VMCMC tries to hide the computational costs inherent in the problem and utilizes multithreading to perform computations (e.g., in loading of graphics, and in calculation of statistics and of convergence diagnostics) independently from the user interface. Some calculations are delayed: the “Tree Analysis” tab is not prepared until the user asks for it to avoid unnecessary calculation of the needed, and expensive, two-dimensional Robinson-Foulds distance matrix. Furthermore, in order to show trees with non-negligible posterior frequency only and to speed up the loading of analysis on “Tree Analysis” tab, we have limited the computation of distance matrix to unique trees with posterior probability at least 0.2%. While VMCMC can work with any number of unique trees in the posterior, a warning for expecting a delay in loading the tab is generated if the posterior contains more than 45 unique trees with frequency greater than 0.2%.
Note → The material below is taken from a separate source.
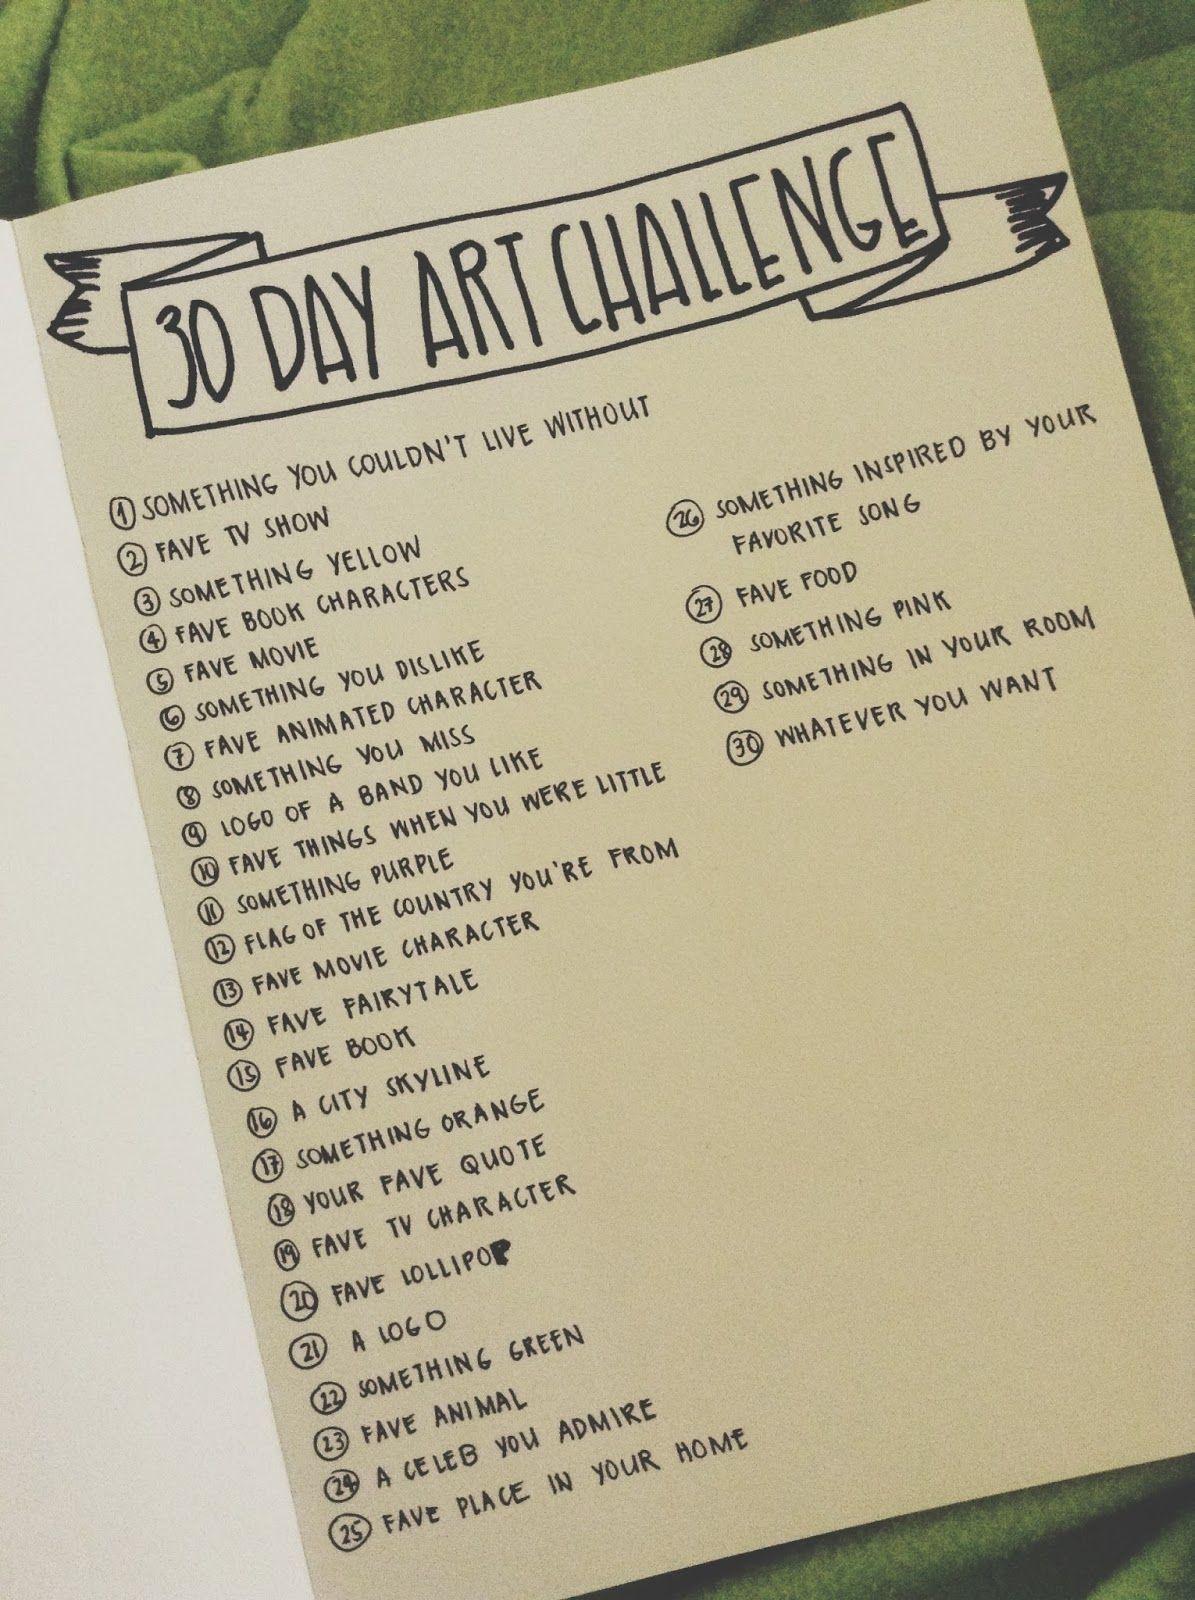 Ideas to jump start motivation.. 30 day art challenge
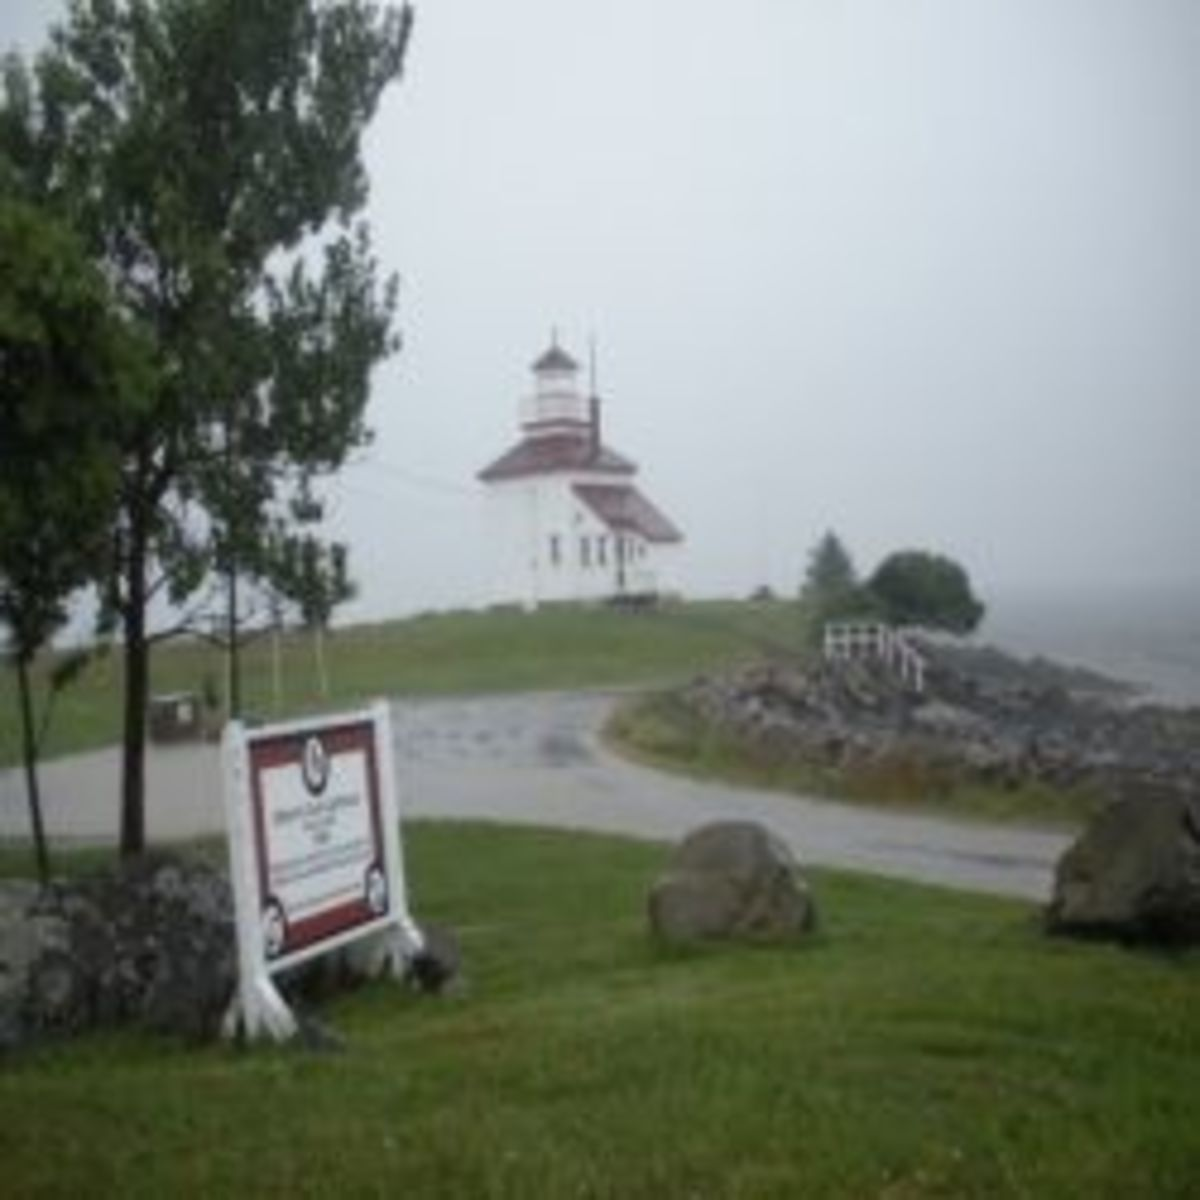 Gilbert's Cove Lighthouse Nova Scotia

We have applied VMCMC to real datasets and experienced response times that we feel are reasonable given the trace sizes. Table 1 displays the system time taken by VMCMC from specifying the input file to loading of graphical results on a standard MacBook Pro with 2.6 GHz Intel Core i5 processor and 8 GB RAM.

Table 1 Execution time from specifying the input file to presentation of graphical results in VMCMC

Results and discussion

For an example application of VMCMC, we used a tetrapod 18S ribosomal RNA dataset, named “DS1”, collected by Hedges et al. [25]. DS1 is known to be problematic for convergence and mixing of the tree parameter [26, 27]. We ran JPrIME twice with the same settings (using the JC69 model and default parameters; the species tree was dated using TimeTree.org [28] and is available as Additional file 1), each time for 10 million iterations and sampling every 100 iterations, yielding two traces containing 105 samples which we name trace 1 and trace 2 (available in Additional files 2 and 3). Here we present how VMCMC can be used to evaluate mixing of the tree parameter for trace file (Additional file 3). The tutorial for VMCMC is available as Additional file 4.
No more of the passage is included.